Tem que ser alegre?
Vivemos em um mundo triste, excludente, injusto e miserável, mas que cinicamente não admite a tristeza. A regra para o bom conviver em sociedade é o "alto-astral", o bom humor, o pensamento positivo, mesmo que todos esses muitas vezes sejam forçados e fingidos. De repente a vida fez jus à sua vocação de teatro e, ao invés de sermos autênticos, encenamos...
Quem nunca conviveu em uma empresa submetido aos ditames de um RH? Nas minhas experiências, constam passagens bizarras. Chegava-se ao ponto de proibir o uso de certas palavras. "Problema" deveria ser substituído por "oportunidade", por exemplo... As equipes de trabalho tinham rituais e musiquinhas que deviam executar para abrir os turnos. Ah, não era obrigatório, mas sempre salutar andar alegre e sorrindo. Isso podia contar pontos na tua avaliação. Os colegas de trabalho? Mesmo a se esfaquearem pelas costas, "integração" sempre... Uma vez uma supervisora me constrangeu a fazer o horário de almoço (que era o meu intervalo) obrigatoriamente junto com a turma, para me unir mais à "equipe". Eu só queria comer mais cedo e em paz. Só queria, ao menos durante uma hora de um longo expediente, um pouco de individualidade...
Outro universo no qual é regra ser alegre para ter amigos, comentários e "curtidas" é o do Facebook. Lá a melancolia, mesmo que eventual, é execrada. Prosperam as pessoas queridas e positivas, que postam "bom dia, boa tarde e boa noite" em mensagens fofas, de preferência com bichinhos. Eu também adoro bichinhos, mas alguém pode ser assim o tempo inteiro? Não. Eu tinha cerca de 200 amigos. Quando postava meus textos e reflexões, meio sentidas, só seis, muito próximos, curtiram. O restante ignorava solenemente e, quando não publicava as bobagens supracitadas, fazia uma autopromoção de suas pessoas, com toda a falsidade que lhes cabia. Exclui o meu perfil. Chega disso.
Por último, uma tribo que muito me incomoda é a do futebol. Tem que ser fanático, tem que ser "torcida", dissolver sua identidade numa turba ensandecida, sem rumo. Todos ufanistas, delirantemente felizes, gritos de guerra, danças, pulos. Beijar a camiseta, vestir-se com a bandeira... Entre os pares somos "nós", enquanto os adversários são "eles". Tudo regado a muito álcool nos estádios, claro, antes da pandemia. Agora a cervejinha se bebe em casa mesmo e, se o time perder, depois se desconta nos outros... Aí acabou a euforia. Claro, nem todos, sejamos sensatos.

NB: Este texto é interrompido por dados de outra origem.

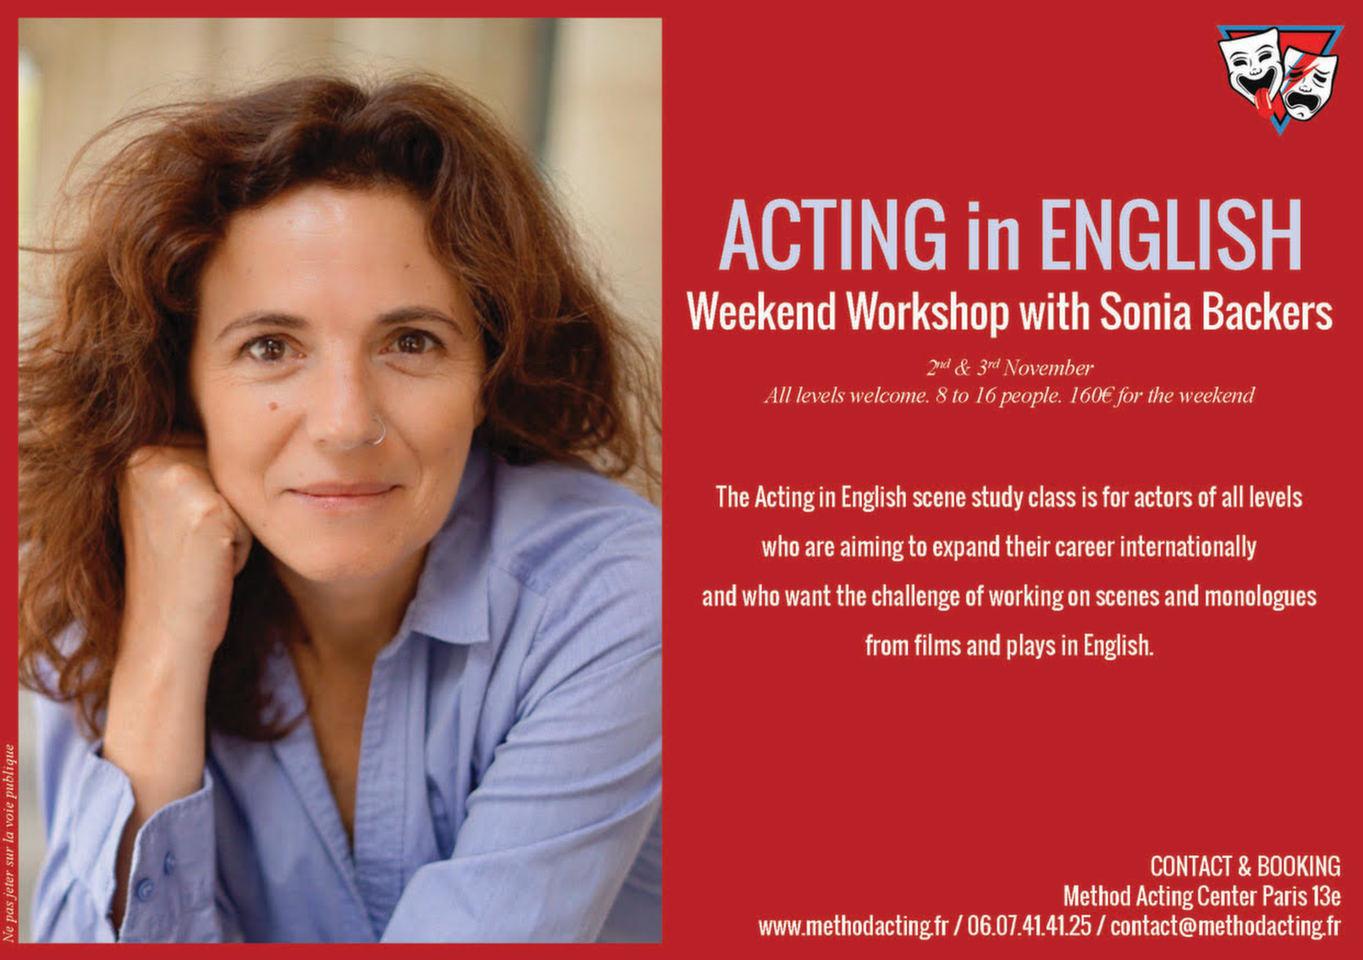 ***version FR***<br /><br />Stage Acting in English<br />Method Acting Center<br /><br />Stage weekend avec Sonia Backers, pour apprendre à décrypter et jouer des scènes en anglais, tirées de films et de pièces de théâtre.<br /><br />WEEKEND du 2 &3 Novembre 2019<br />de 13h à 19h,<br />au 93 Avenue d'Italie, Paris 13e<br />avec Sonia BACKERS<br /><br />OBJECTIFS du Stage ACTING in ENGLISH<br />- Analyser et décomposer une scène pour vous permettre de vous connecter émotionnellement, afin de créer une scène la plus «réaliste» possible<br />- Découvrir ce qui motive réellement chaque être humain grâce aux outils et techniques de la méthode<br />- Créer des personnages et des relations dynamiques dans des scènes «sincères»<br />- Travailler dans une atmosphère bienveillante qui favorise le lâcher-prise, la spontanéité et la prise de risques<br />- Expérimenter différents points de vue d'une même scène<br /><br />L'Atelier se déroulera intégralement en anglais, il est donc indispensable d'avoir un niveau courant d'anglais.<br /><br />INFOS & Réservation en ligne<br />- De 8 à 16 personnes<br />- 160€ pour 1 weekend<br />- Forfaits à partir de 3/6/9 stages weekend : 10% de remise / 15% de remise / 20% de remise, Découvrez notre planning de stages 2019/2020 !<br />https://www.methodacting.fr/stages/<br />contact@methodacting.fr<br />06 07 41 41 25<br /><br />***version UK***<br /><br />ACTING in ENGLISH Workshop<br />Method Acting Center<br /><br />Weekend workshop in Scene Study with Sonia Backers.<br /><br />WEEKEND workshop 2nd & 3rd November 2019<br />1:00 pm to 7:00 pm<br />93, Avenue d'Italie, Paris 13e<br />with Sonia BACKERS<br /><br />OBJECTIVES of the workshop ACTING in ENGLISH<br />- Using scenes from films and plays, we'll explore making emotional connections and creating believable moments<br />- Using methods from the Actors Studio, exercises, improvisation and script analysis, we will see what motivates human behavior in order to create dynamic relationshi

Mas o entusiasmo só existe na vitória. A "flauta" do dia seguinte, no adversário que perdeu ontem, é uma forma de ódio velado.
Fico com Augusto dos Anjos, que no seu poema "Eterna Mágoa", diz mais ou menos isso:
O homem sobre quem caiu a praga
Da tristeza do mundo, o homem que é triste
Para todos os séculos existe
E nunca mais o seu pesar se apaga...
E serei verdadeiramente alegre, somente quando me sentir, de fato, bem. E, quando não, vou chorar minhas mágoas com toda a razão, o quanto quiser. Não vou abrir mão da minha humanidade e sensibilidade por conta das pressões de um sistema que quer nos moldar a seu bel-prazer. Nem que isso doa. Não tenho que ser alegre, não.